# Die Fischfauna der Kanaren| wer weiß was?



## Greg (4. September 2004)

Hallo,

Weiß irgendetwas jemand genauers über die im Süßwasser auf den kanarischen Inseln beheimateten Fische (vor allem Teneriffa).

Sicher weiß ich nur ,dass es auf Gran Canaria Karpfen und Schwarzbarsche gibt.


Meine Hauptfragen sind nun:


1. GIbt es Schwarz oder Forellenbarsche auch auf den anderen Inseln?

2.gibt es in dortigen Bächen eigentlich Forellen?

3. welche Fischarten gibt es allgemein?


Danke!


cu


----------



## Fishbuster (13. September 2004)

*AW: Die Fischfauna der Kanaren| wer weiß was?*

Mann Greg,
Bäche auf den Kanaren???!!! #c 
Die sind dort froh wenn die paar Talsperren halbwegs voll bleiben im Sommer, die im Winter etwas Regen abbekommen haben.
IN den  Talsperren kannste Barsche u. Karpfen fangen, auch noch ein paar andere Fischlein, die so keiner kennt. Ausgesetzte vom Aquarium die überlebt haben. Also keine Bachforellen auf den Kanaren.  :c Eigentlich schade.


----------



## sundeule (14. September 2004)

*AW: Die Fischfauna der Kanaren| wer weiß was?*

Von Teneriffa weiß ich nix, habe aber mal was von Hechten gelesen.

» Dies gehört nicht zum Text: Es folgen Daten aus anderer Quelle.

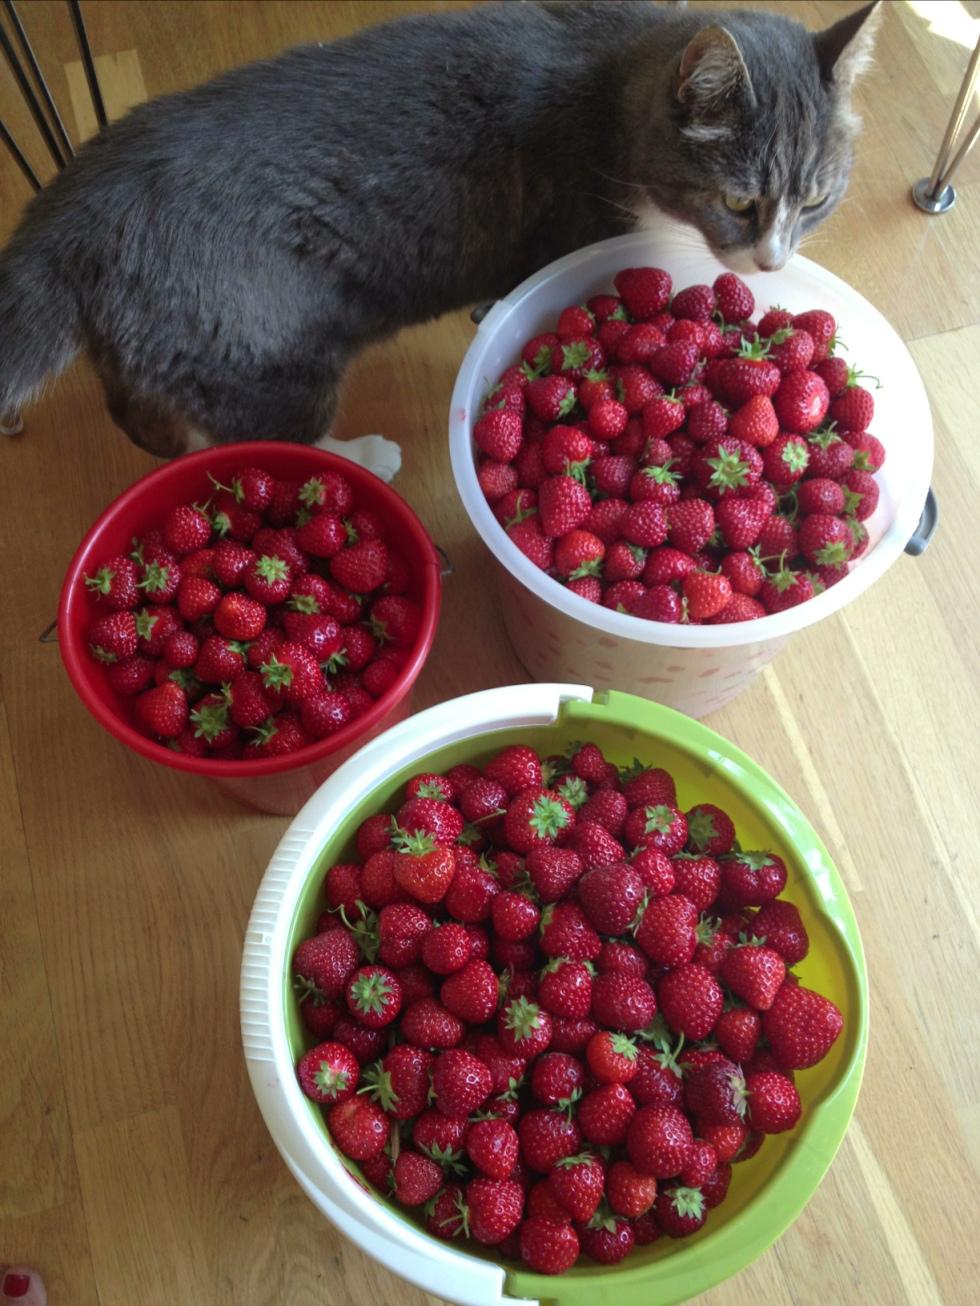 Katten Findus nosar på de nyplockade jordgubbarna.

Ich selbst habe bisher erst auf Gran Canaria geangelt. In einem Stausee(ausserhalb der regenzeit fließt da nix!) habe ich kleine Barsche gefangen(ich denke es waren Schwarzbarsche aber in der Größe waren sie eine echte Konkurrenz für unsere Kaulis#c ) und in einem anderen eine Stunde lang einen Karpfen nach dem anderen gezogen und wieder entlassen. Das waren alles so 3-6Pfünder und es erinnerte dann recht bald an Plötzenstippen und ich hab es dann sein lassen.
Wirklich spannend fand ich dann die Meeresangelei. Es gibt in allen Häfen gut ausgerüstete Boote zum Schleppen oder für die Naturköderangelei. Mit den Schwertträgern wurde es zwar nix, aber Bonitos machen auch Laune - besonders, wenn von sechs Mitanglern nur noch zwei angeln können(Fischfütterorgie wegen rauher See) und man so gut zu zweit gut zu tun hat|supergri


----------